As shown in Table 4, we first add feature pyramid network to CenterNet, and the result of ablation experiment result show that feature fusion can significantly improve the performance of CenterNet (36.8 vs. 41.3). Then we add the semantic information transfer path to feature pyramid network. The result of ablation experiment show that the semantic information transfer path significantly enhances feature fusion (41.3 vs. 42.4). After adding semantic information transfer path, the performance of large objects is significantly improved, and the performance of medium objects and small objects is slightly increased.

Table 4. Results on the Pascal VOC dataset with ResNet-18. Starting from our baseline, we gradually add Enhanced feature fusion, Residual dilated convolution in our EM-CenterNet for ablation studies. FPN means feature pyramid network.
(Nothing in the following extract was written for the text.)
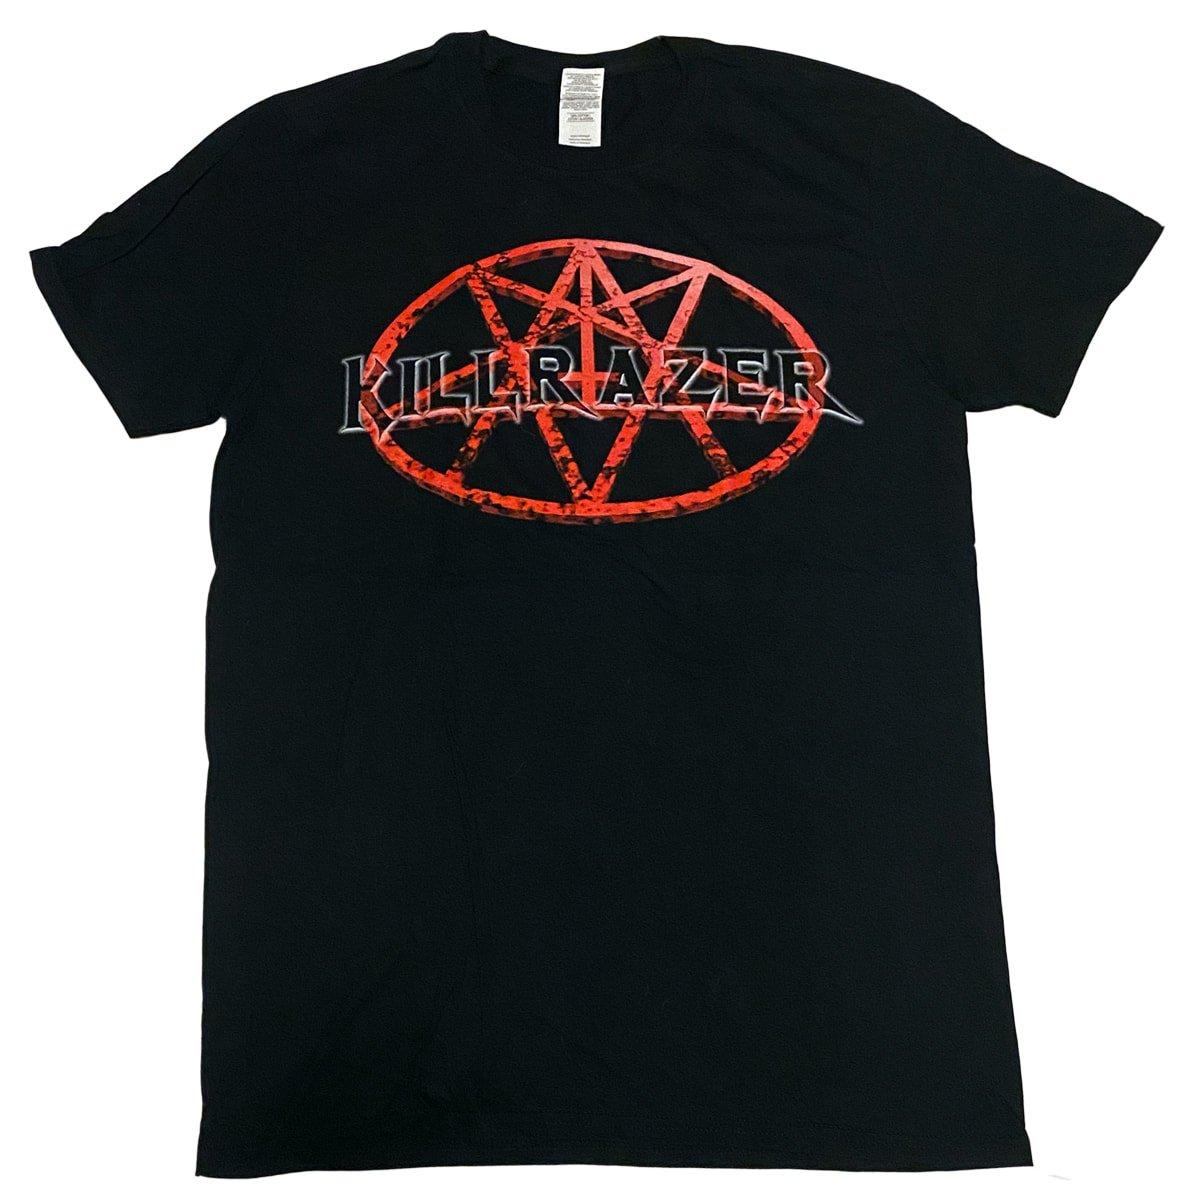 Image of KILLRAZER - Pentagram front / Song Titles back - Shirt
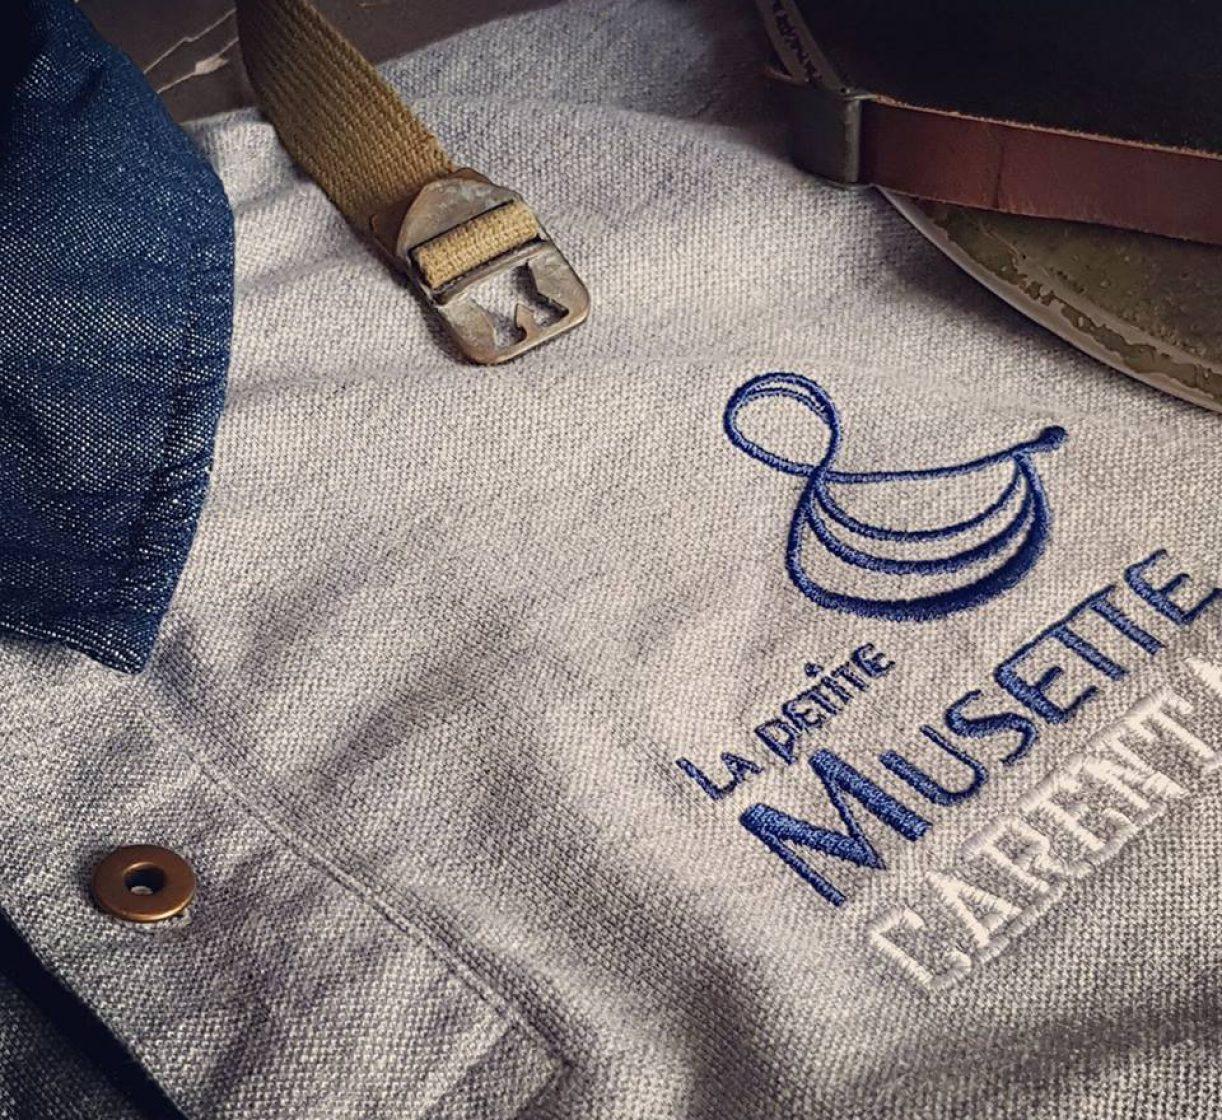 boutique militaria surplus petite musette carentan dday baie cotentin

Residual Dilated Convolution.

Based on the enhanced feature fusion component, we further add the residual dilated convolution component. As shown in Table 4, residual dilated convolution also significantly improves the performance of baseline (41.3 vs. 48.3). Finally, EM-CenterNet achieve significant improvements (12.2 AP increase) on the baseline.

6 Conclusion

In this work, we find that fusing the low-level features of the backbone can significantly improve the performance of CenterNet. And we propose a semantic information transfer path to enhance feature fusion. In addition, to make the receptive field of our detector can cover all objects of different sizes, we propose residual dilated convolution. We conducted experiments on two challenging data sets. The performance of our proposed detector, EM-CenterNet, is significantly improved compared with the baseline. We hope that our EM-CenterNet object detector can provide insights for designing anchor-free detectors.